- **Given material**
· · ·

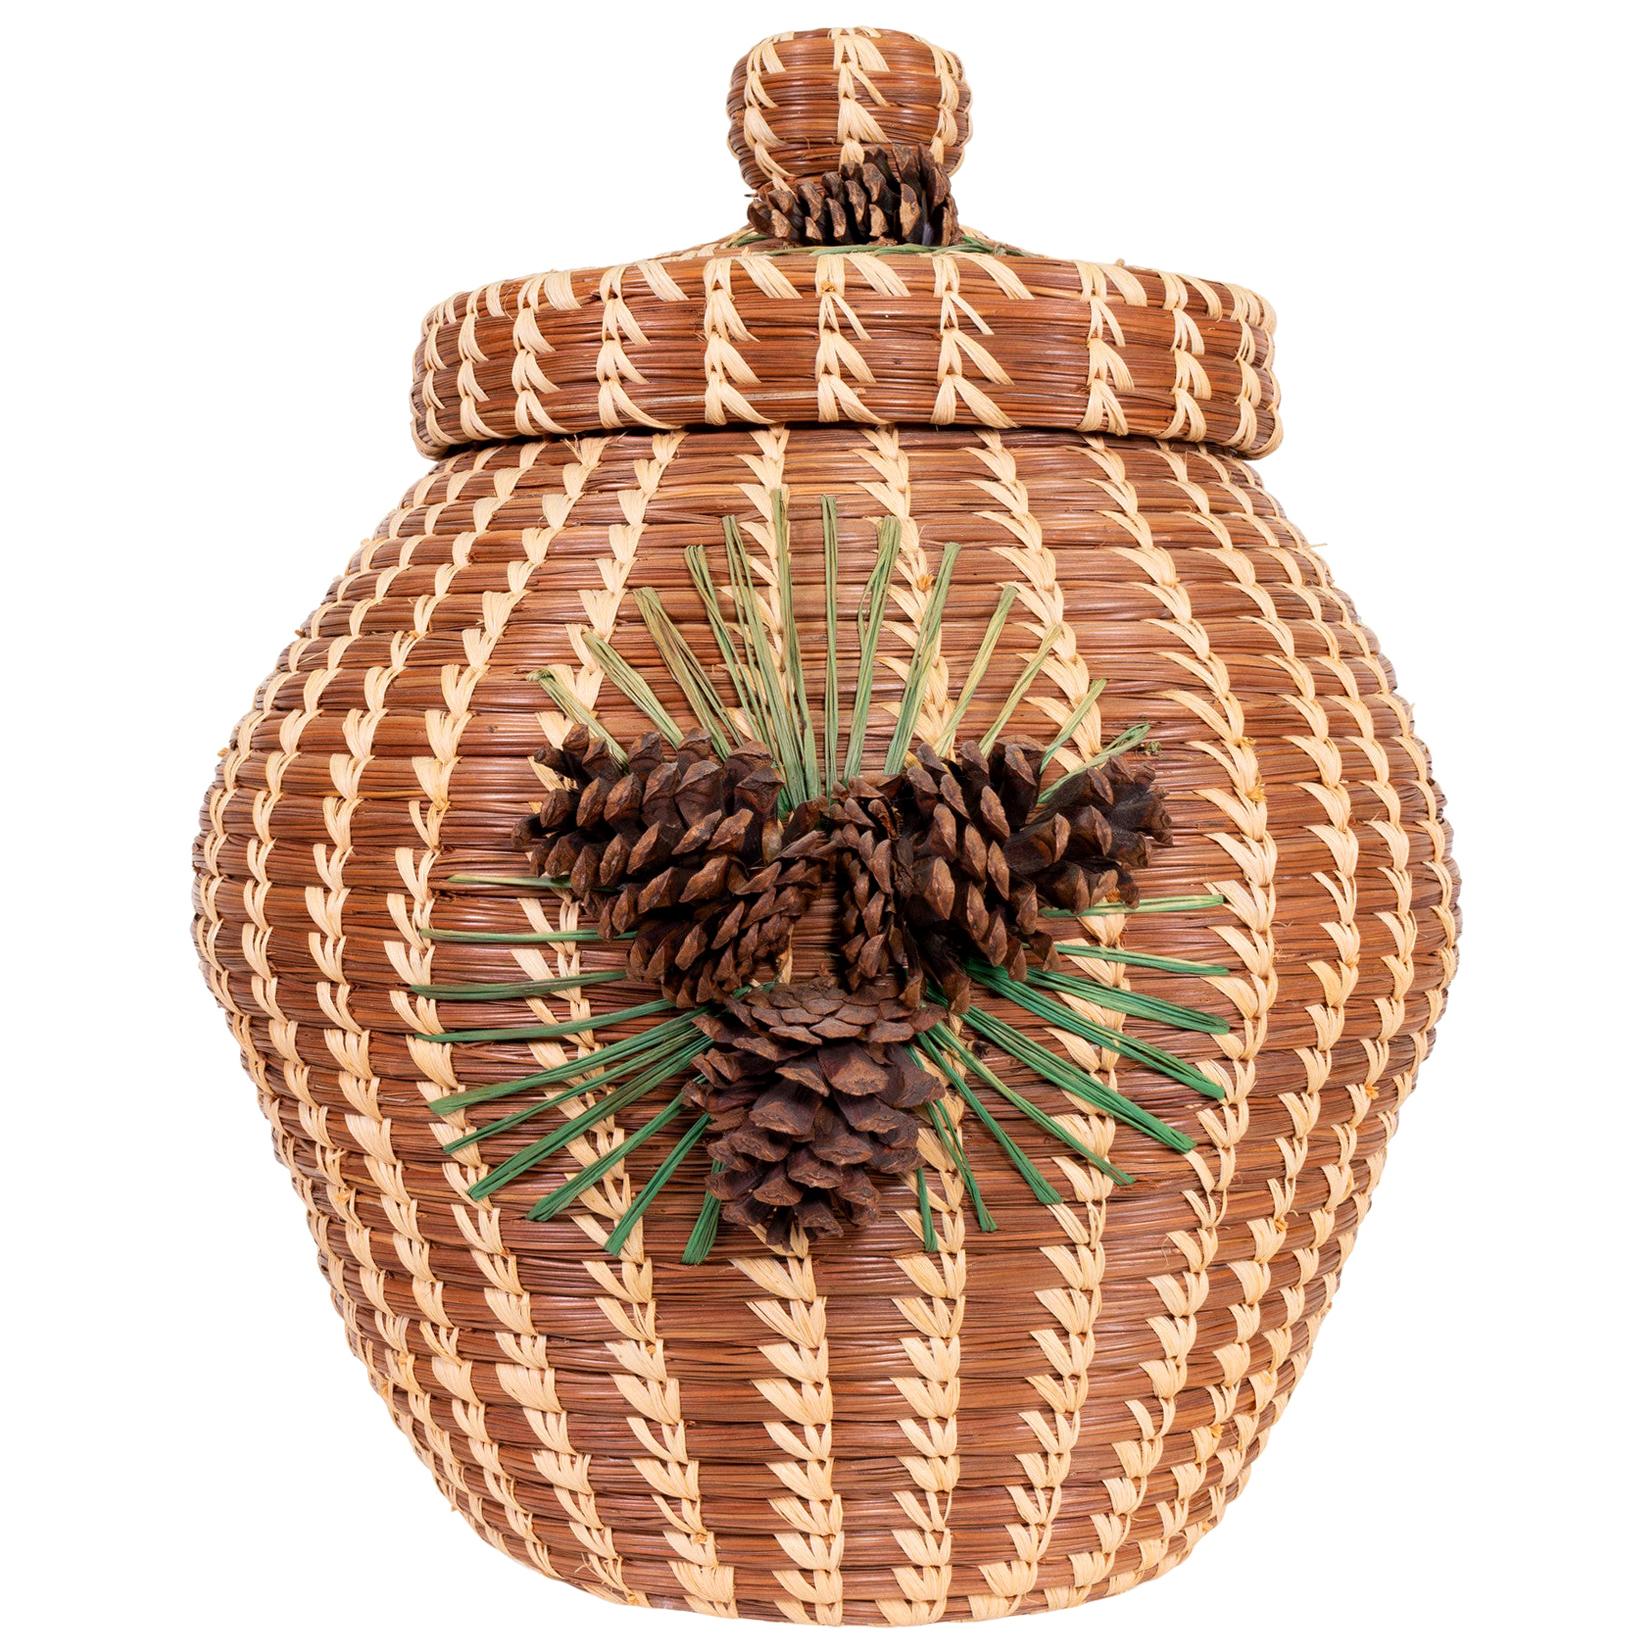 Vintage First Nations Native Large Cedar and Pine Needle Woven Handled Basket
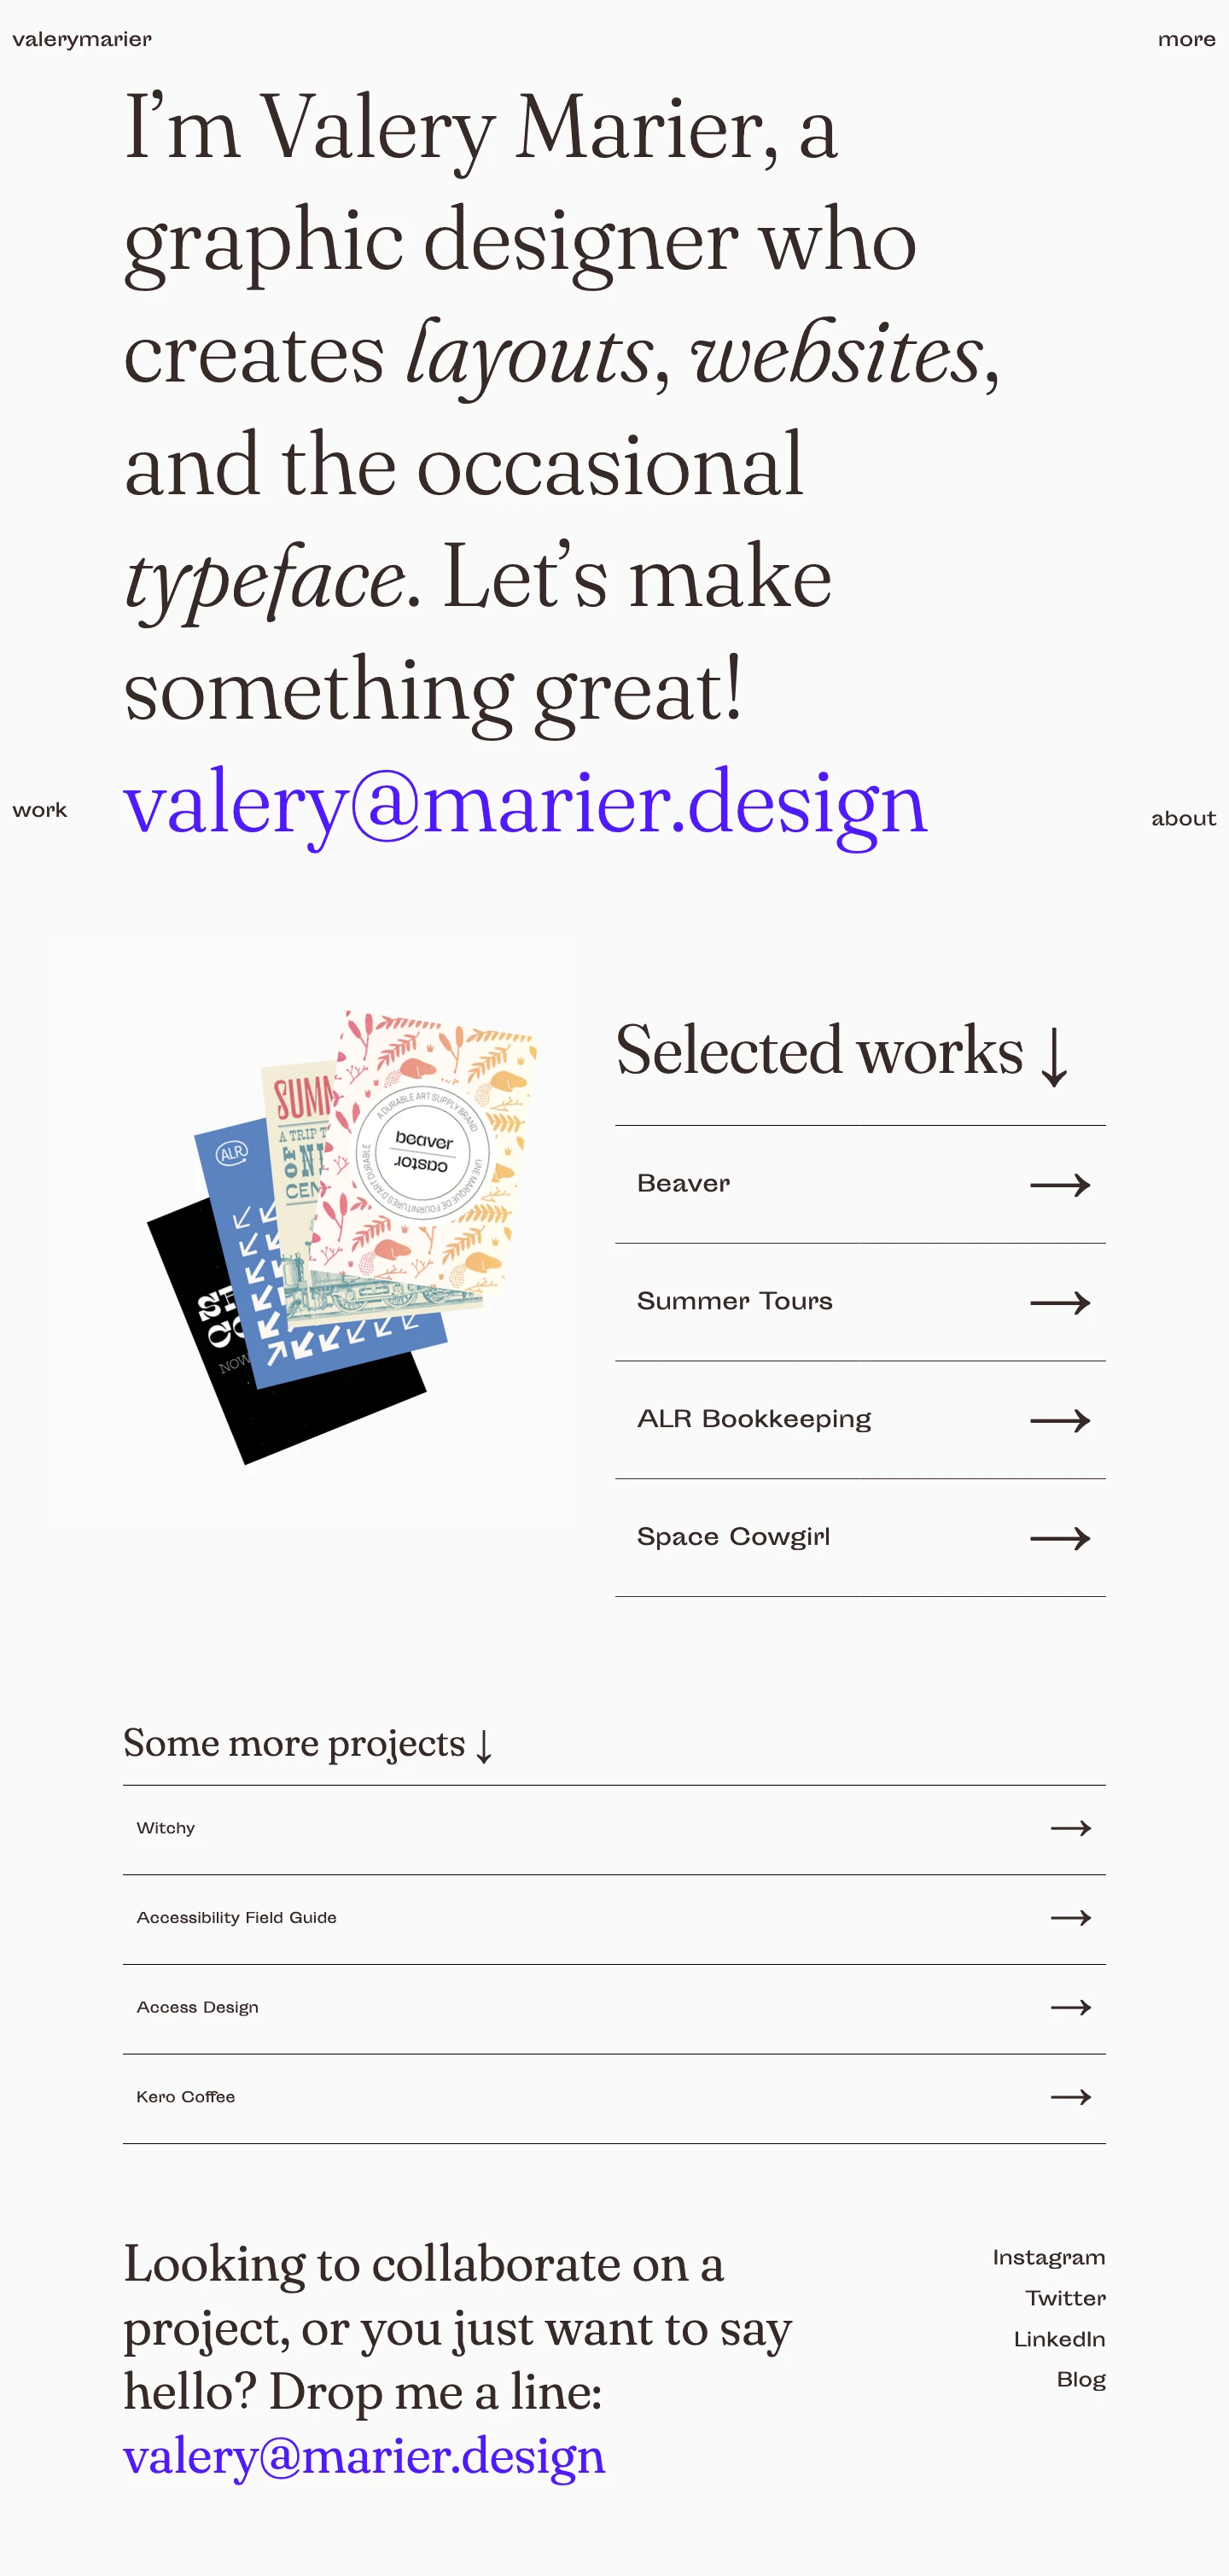 Valery Marier Landing Page Example: I’m Valery Marier, a graphic designer who creates layouts, websites, and the occasional typeface. Let’s make something great!
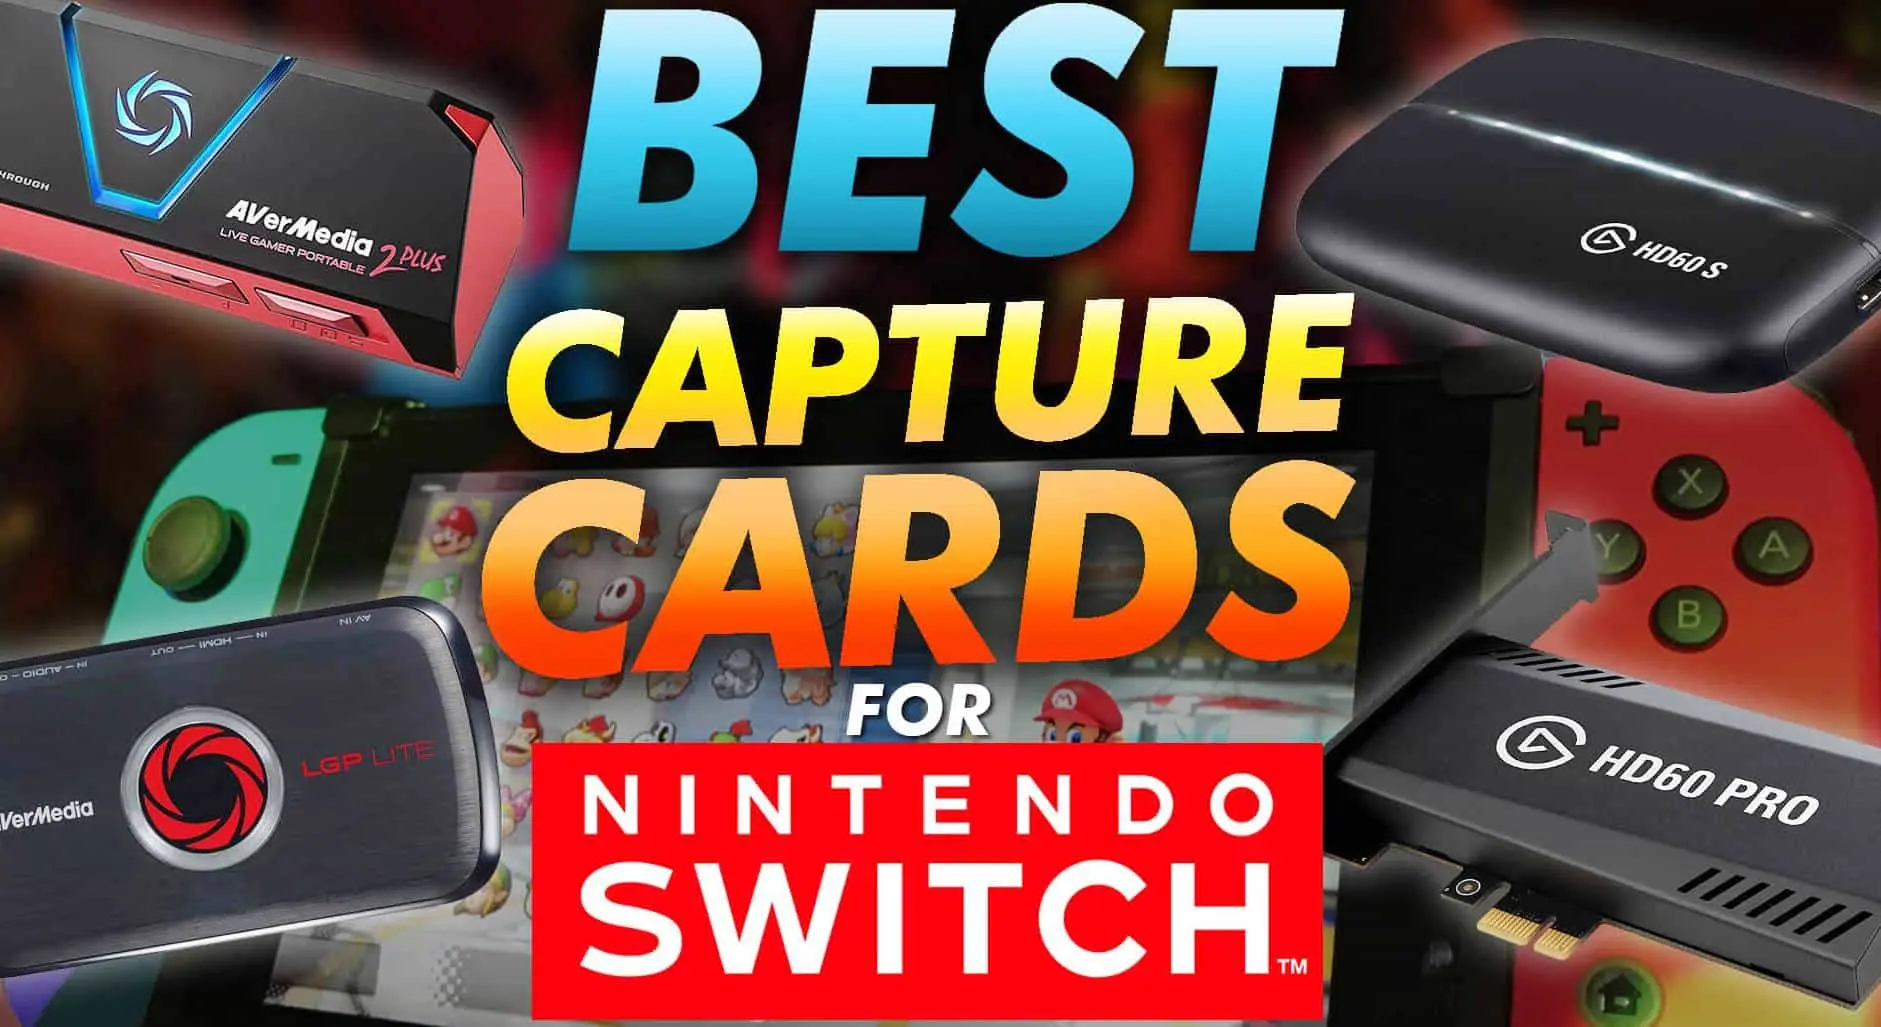 Get Best Capture Cards for your Nintendo Switch!

· · ·

- **Work item**
Output every line above exactly as it stands, and drop any picture.

- **Problem solution**
 Vintage First Nations Native Large Cedar and Pine Needle Woven Handled Basket
 Valery Marier Landing Page Example: I’m Valery Marier, a graphic designer who creates layouts, websites, and the occasional typeface. Let’s make something great!
 Get Best Capture Cards for your Nintendo Switch!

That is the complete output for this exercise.